▶ _Brief_
Please restate word for word the lines of the entries below from the one with "Trail map of" to the one with "Lacoste Tişört Tf1911.11s T-shirt – 254.0 TL", inclusive, and leave out every picture.

▶ _Dataset records_
↓↓↓

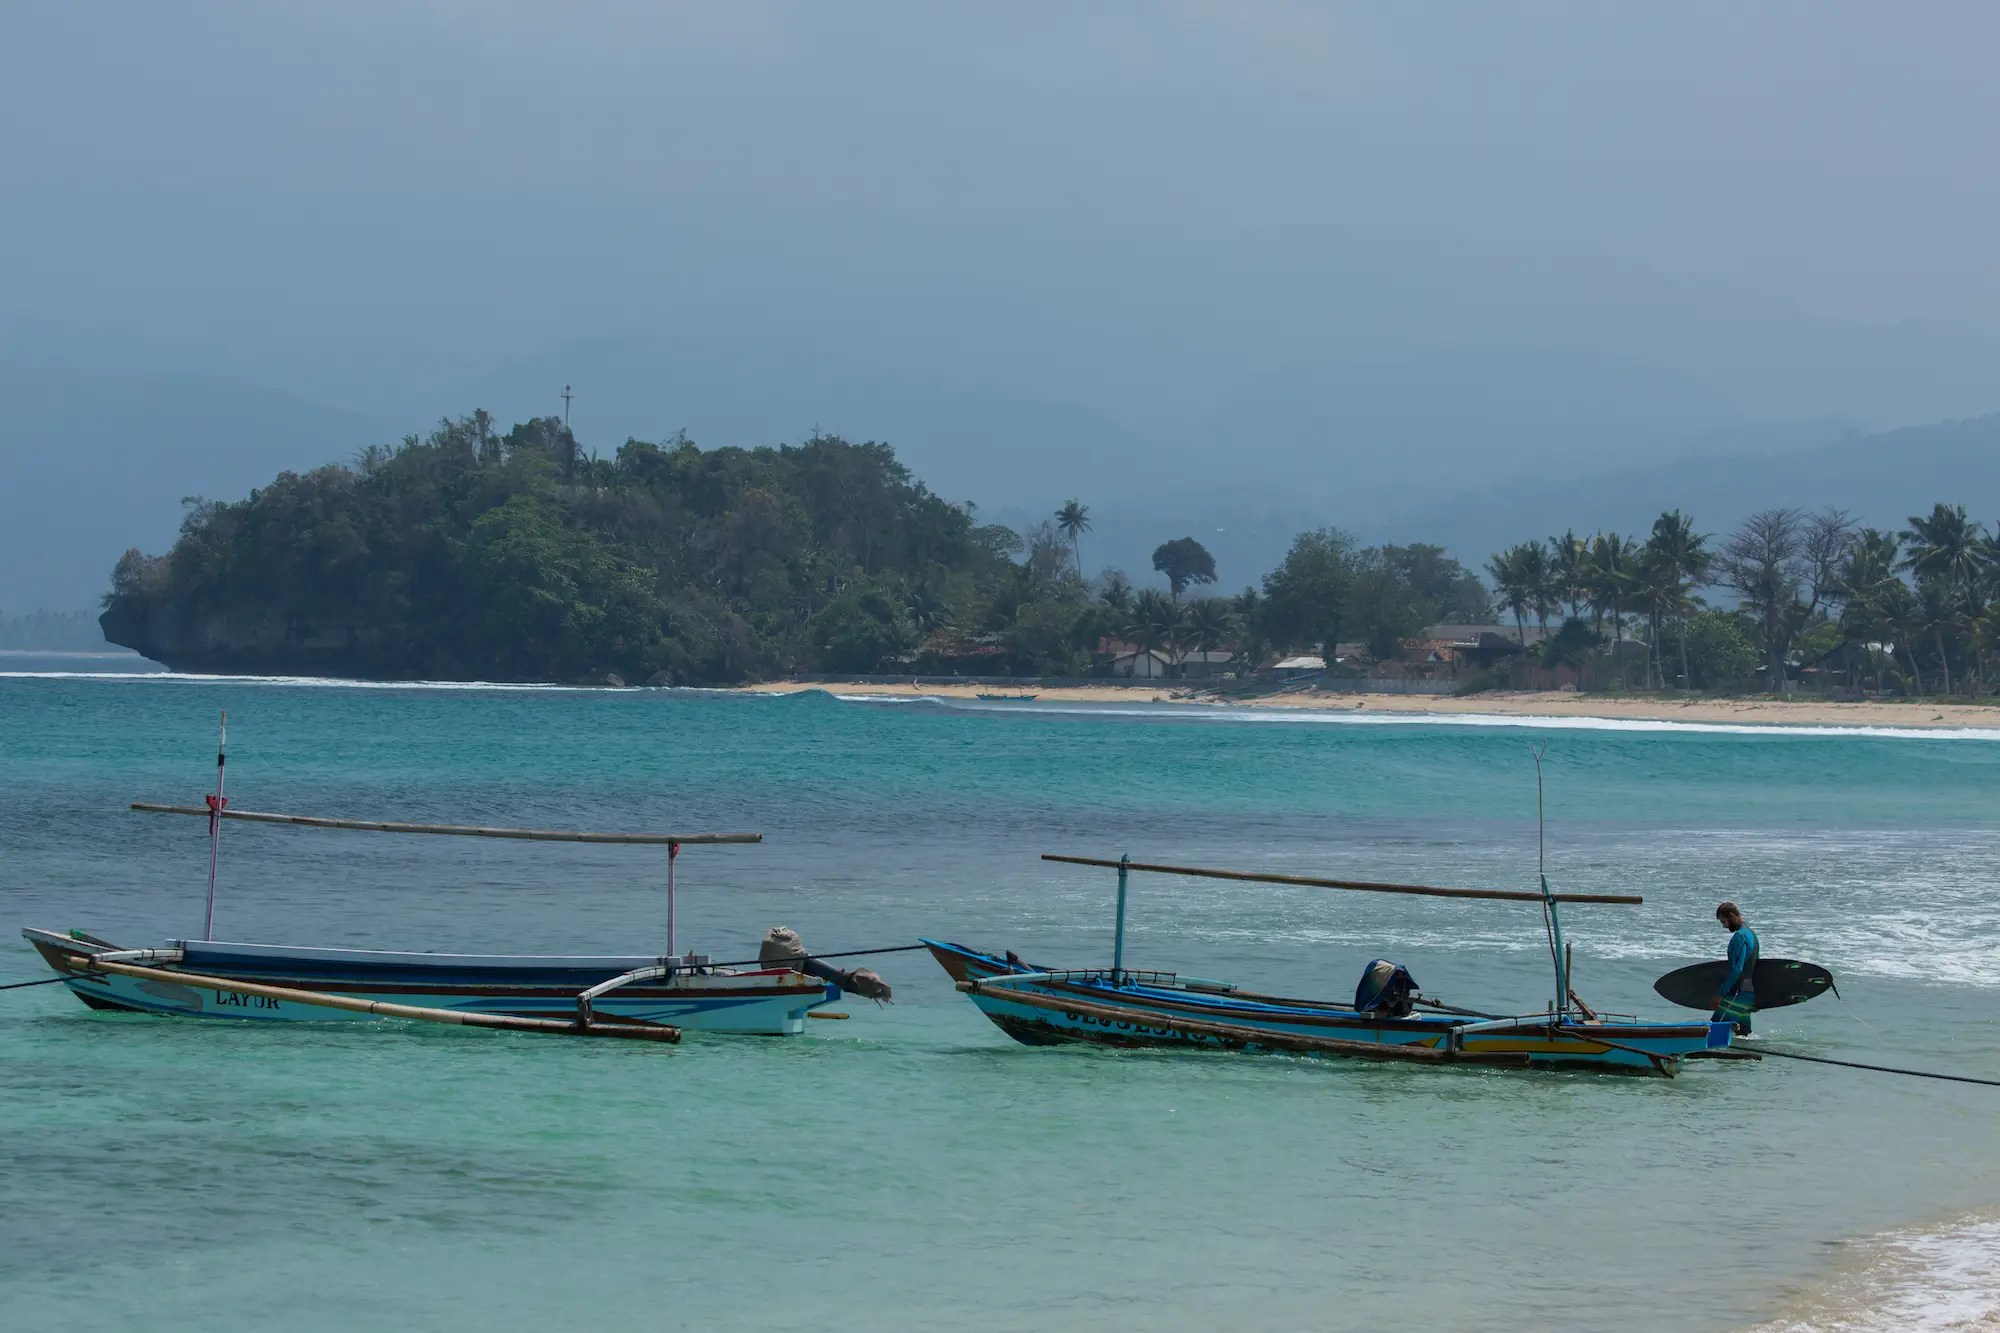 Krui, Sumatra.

↑↑↑
↓↓↓

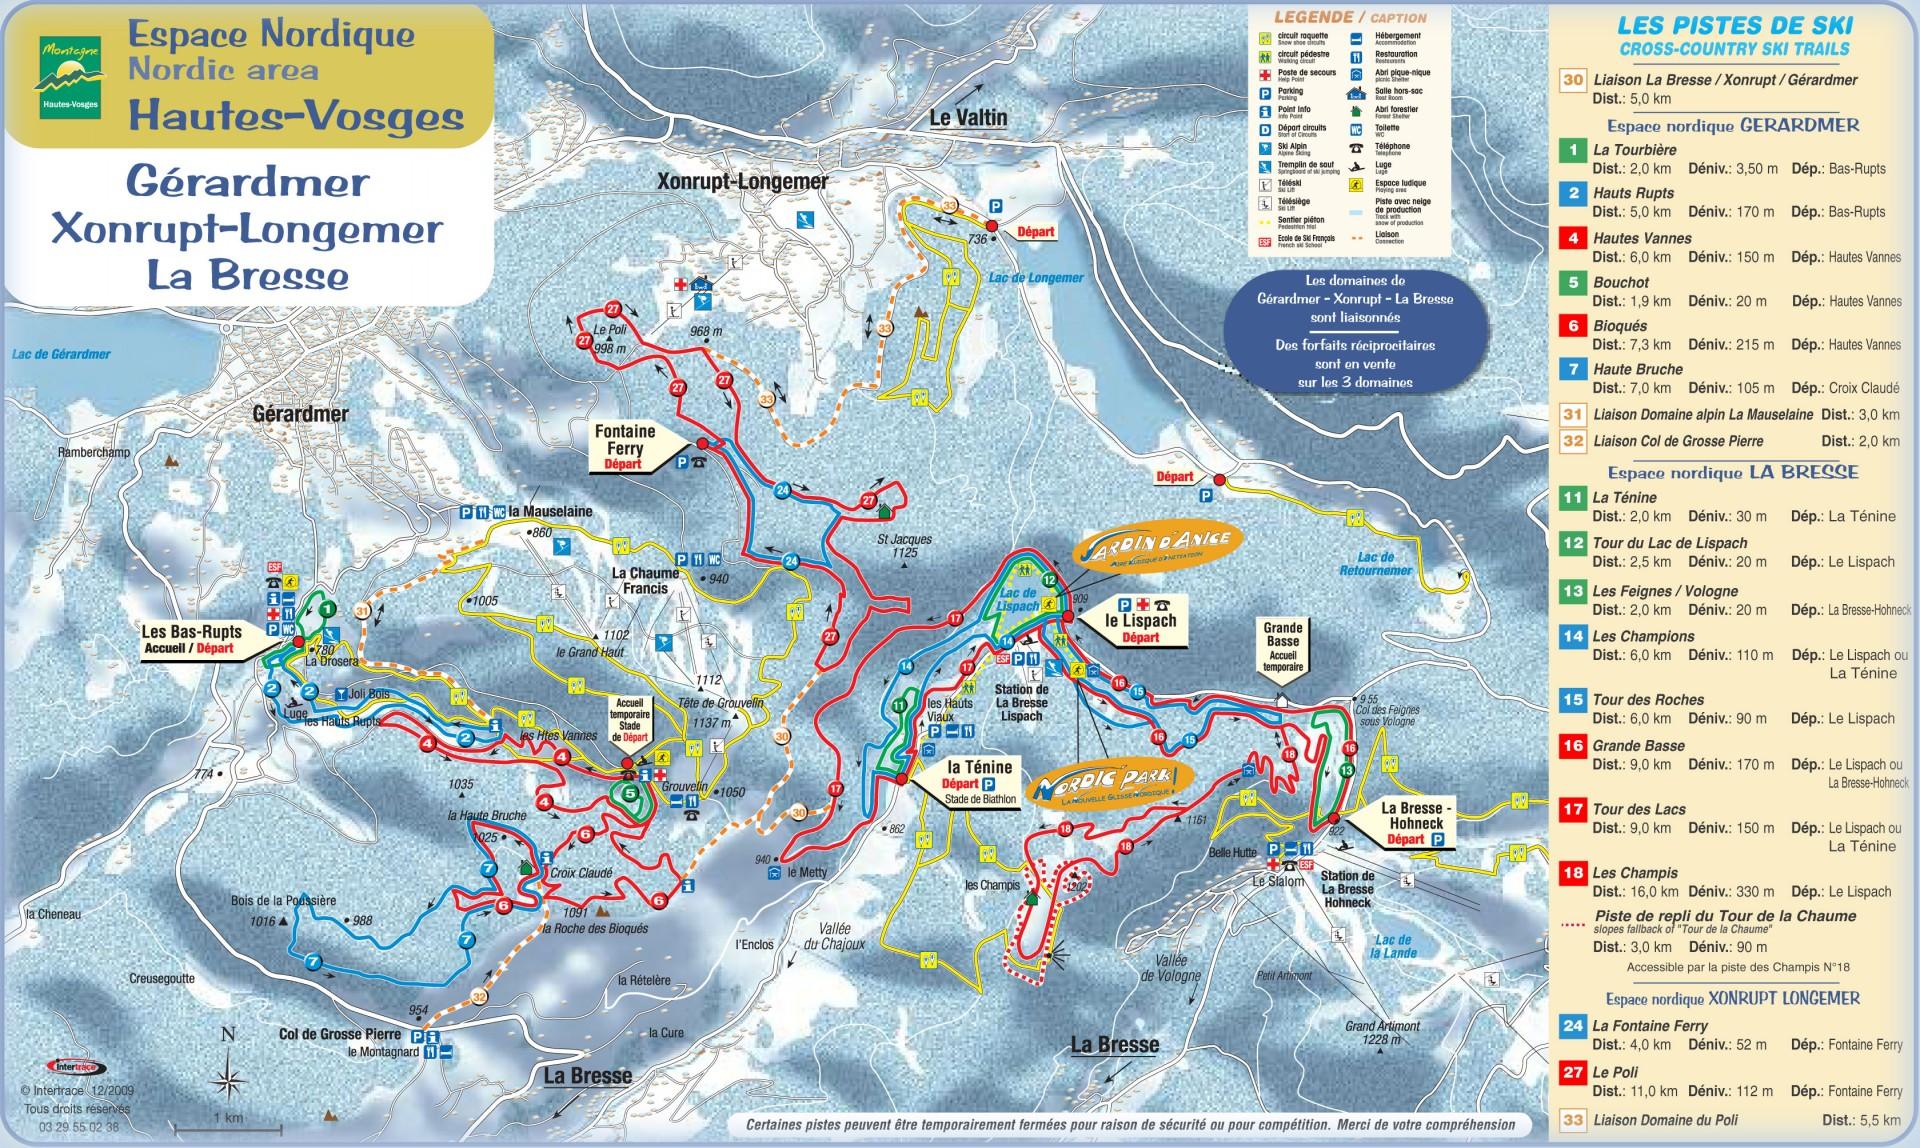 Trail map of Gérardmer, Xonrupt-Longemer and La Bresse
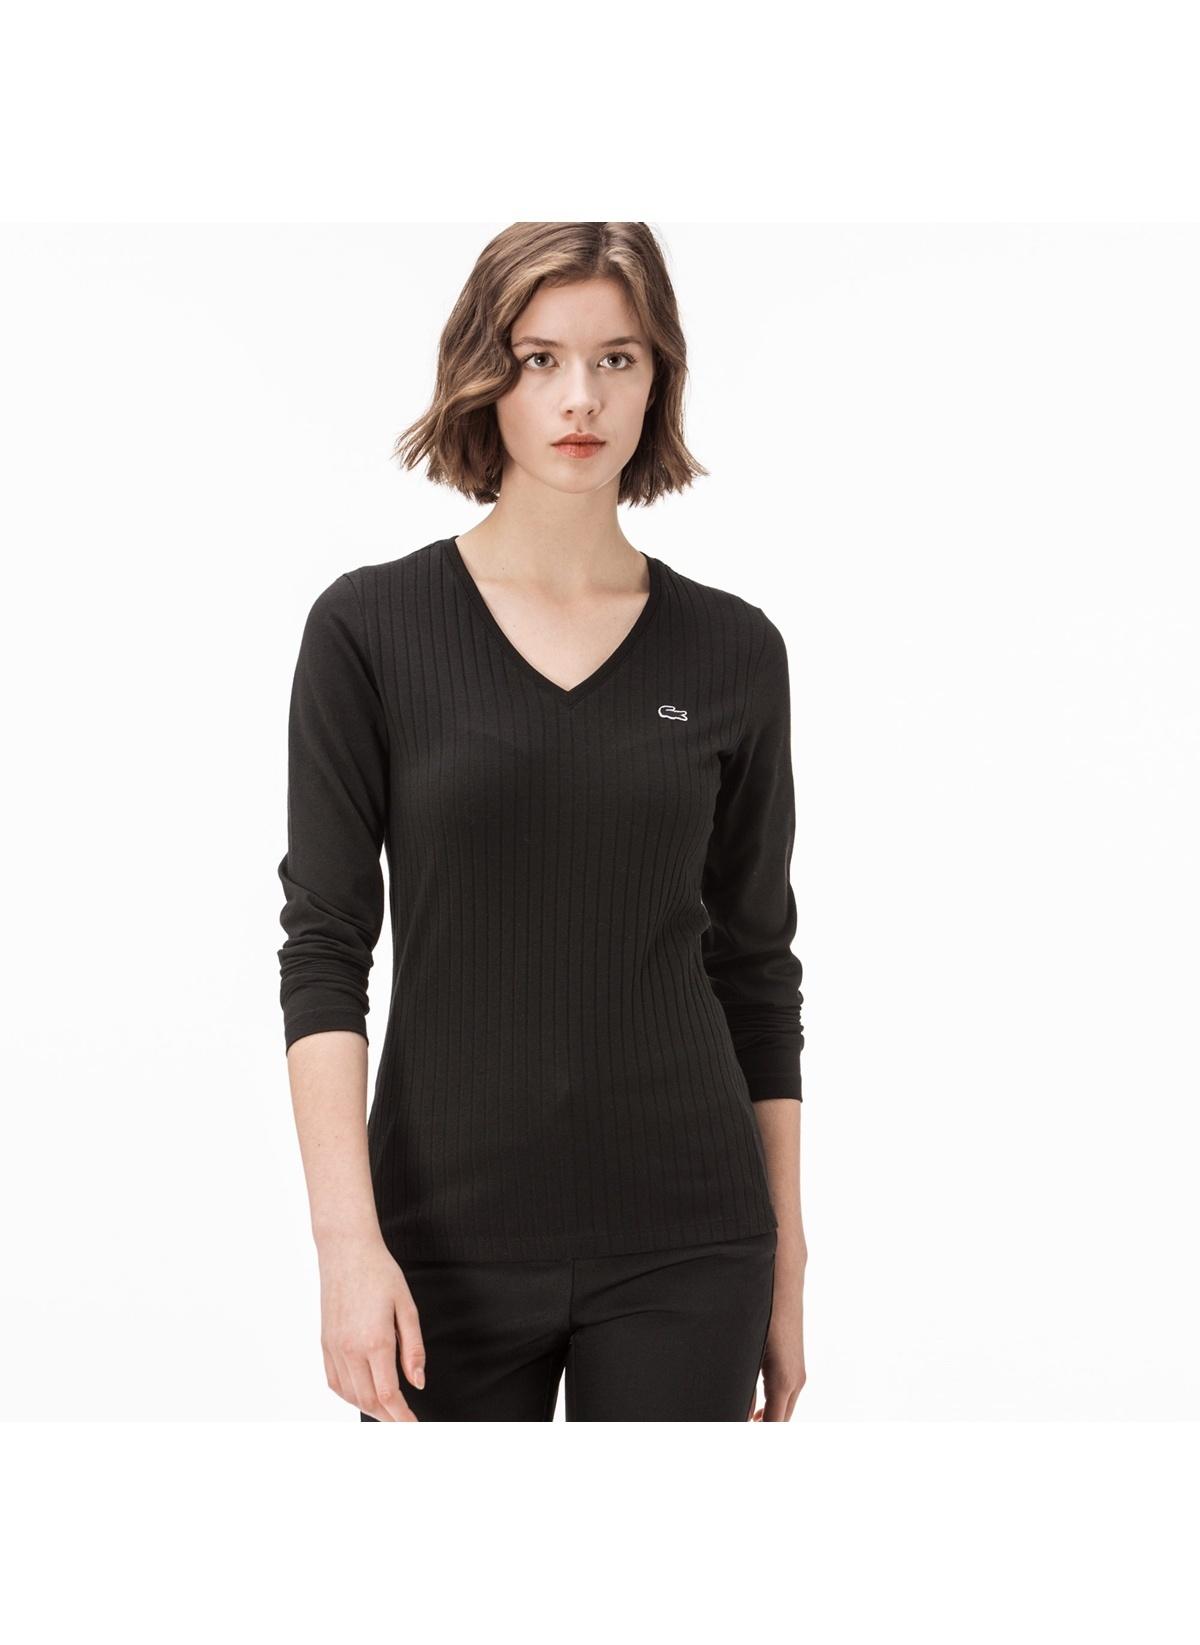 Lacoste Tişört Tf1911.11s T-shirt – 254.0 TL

↑↑↑

▶ _Task answer_
 Trail map of Gérardmer, Xonrupt-Longemer and La Bresse
 Lacoste Tişört Tf1911.11s T-shirt – 254.0 TL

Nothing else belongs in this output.